Tempos de guerra escritos pela mão de um pastor


Foto: Luís Neves
Tinha 22 anos quando entrou no paquete "Vera Cruz" rumo a Angola. Nunca entendeu a lógica do conflito que lhe roubou três anos da sua juventude. Dos momentos de solidão, longe de tudo e de todos, António Monteiro contou os segredos impossíveis de suportar num diário de guerra que guarda religiosamente como um tesouro. Através do refúgio de uma escrita simples e modesta, o "praça" - hoje pastor em Tentúgal - deixou um testemunho sereno e factual de uma luta sem razão.

"(...) Hoje mesmo, dia 28 de Maio de 1967, dia em que eu faço 25 meses de comissão, cá vou entrar para o Vera Cruz, nove dias de água, se Deus me der saúde". Chegavam assim ao fim três anos de sofrimento no Ultramar. O diário escrito por António Faria Monteiro relata as aventuras e desventuras de um soldado em Angola: as emboscadas, os ataques ou as festas que animavam o abrigo encontrado nas casernas.
É talvez um dos poucos - senão único - registo imortalizado por um "praça" quase iletrado. Mas a simplicidade de uma escrita inocente e objectiva deixa a nu a realidade de um universo para muitos indecifrável.
"Quando lá cheguei, só víamos céu e mar. Não tinha mais nada que fazer e pedi ao capitão se podia escrever. Saíamos do acampamento para fazer emboscadas e quando vinha, escrevia", explica o pastor. "Não escrevia tudo, mas as coisas mais importantes para eu recordar mais tarde". O diário (ou livro, como o autor lhe chama) relata cenas do quotidiano de um grupo de combatentes na Guerra Colonial. Está lá tudo: as datas, os nomes, a camaradagem, a véspera de um Natal passado no meio do mato.
"Pediam-me para eu vender a minha escrita, mas eu não vendi por dinheiro nenhum", diz lançando um olhar furtivo sobre o diário.
António nunca vacilou face ao apelo de uma guerra desconhecida. Foi em 1965, há precisamente 38 anos, que foi chamado para prestar serviço nas ex-colónias. Nunca percebeu muito bem ao que ia.
"Nós íamos para o mato para matar a sangue frio. Para matar uma pessoa que não nos fez nada. Não tínhamos consciência de porque é que lutávamos. E não tínhamos medo de morrer".
 

Eram jovens soldados, feitos homens em Angola, Guiné e Moçambique, e mergulhavam na mata verde, cara a cara com o perigo, acreditando que a paz renasceria sobre os túmulos dos que sucumbiam às feridas. Se os 13 anos de guerra significaram a morte para mais de oito mil portugueses, António teve a sorte de não ver nenhum colega falecer.
"Os "turras" estavam nos morros e matavam muita malta assim. Na minha companhia não morreu ninguém. Eu também não matei ninguém, mas vi muitos morrerem".
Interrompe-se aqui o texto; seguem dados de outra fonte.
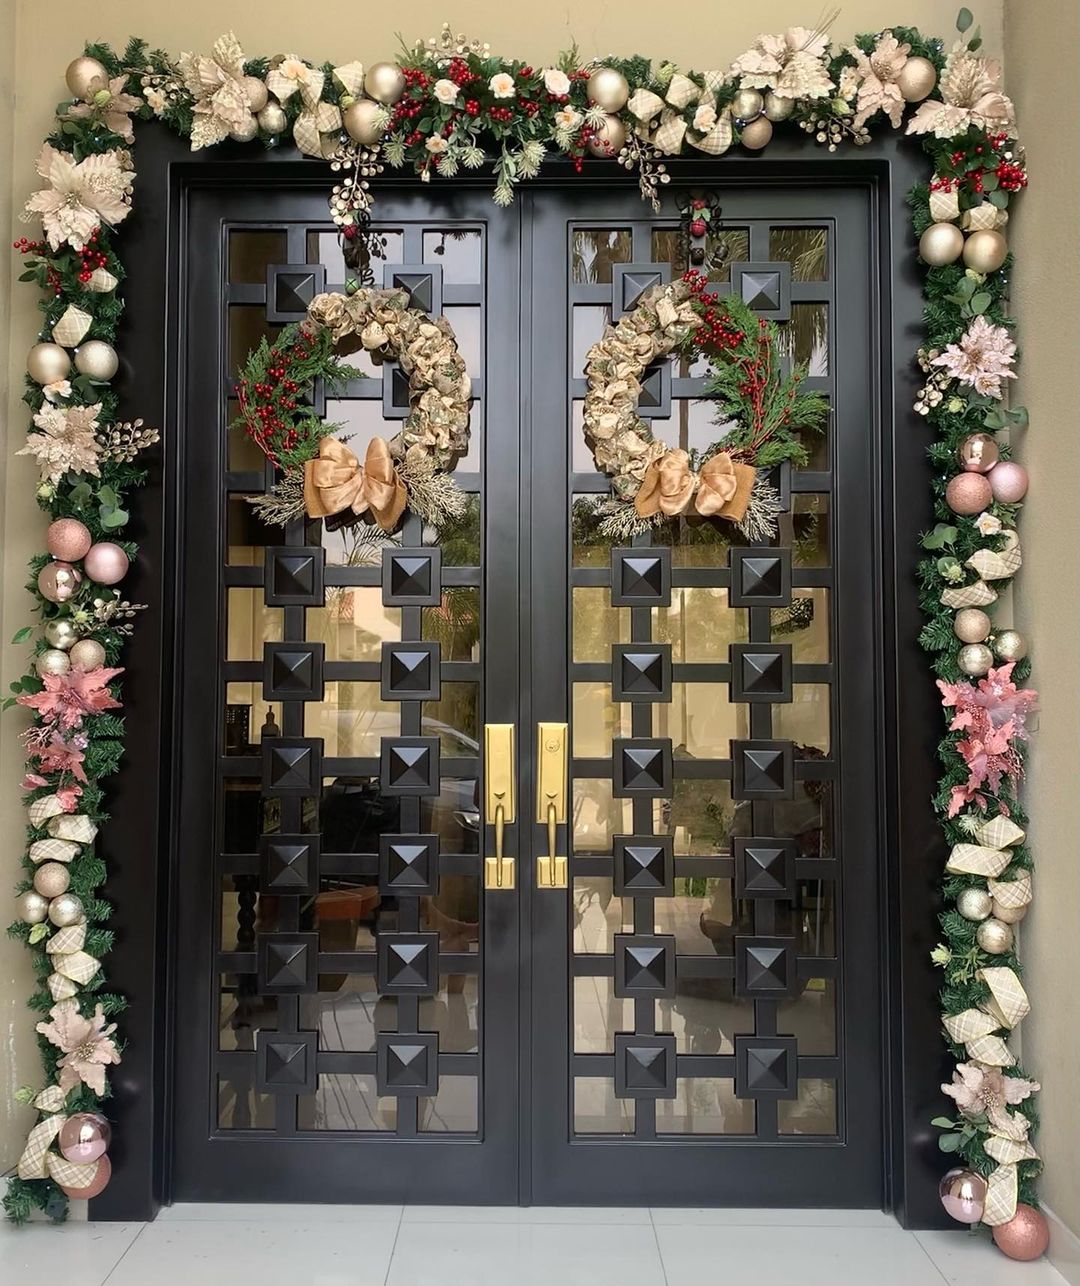 decoración navideña para puertas de entrada con cintas

Quase quatro décadas depois, quando na quietude da vida rural, vai para o campo com as suas ovelhas, António recorda-se bem de quando estava debaixo de fogo. A memória não o trai e ainda se lembra "como se tivesse sido ontem" das coisas que passou. Essa terá sido, talvez, a luta mais difícil de todas, que nenhum dos soldados que esteve em África conseguiu vencer.
Hoje, todas as memórias estão perpetuadas num diário de guerra escrito em jeito de desabafo. O diário que acompanhou um "praça" durante três anos.
António Monteiro - já a passar a barreira dos 60 - confessa ter saudades daqueles tempos. E dos amigos. Dessa época recorda com maior alegria o dia do regresso, um momento "de muita satisfação".
"Enfim, tudo se passou. À minha chegada me fizeram uma grande festa, foguetes, baile. Foi logo nesse baile que eu dancei com a São da Vila Verde, que espero de ela ser a minha mulher... Tudo isto passado no tempo do Ultramar. Fim. 15-6-67"

Termina assim o testemunho humilde do antigo soldado, registado no seu diário de guerra. Um testemunho avivado pelas memórias partilhadas, tantas vezes, com a mulher que escolheu para passar o resto dos dias: a São da Vila Verde.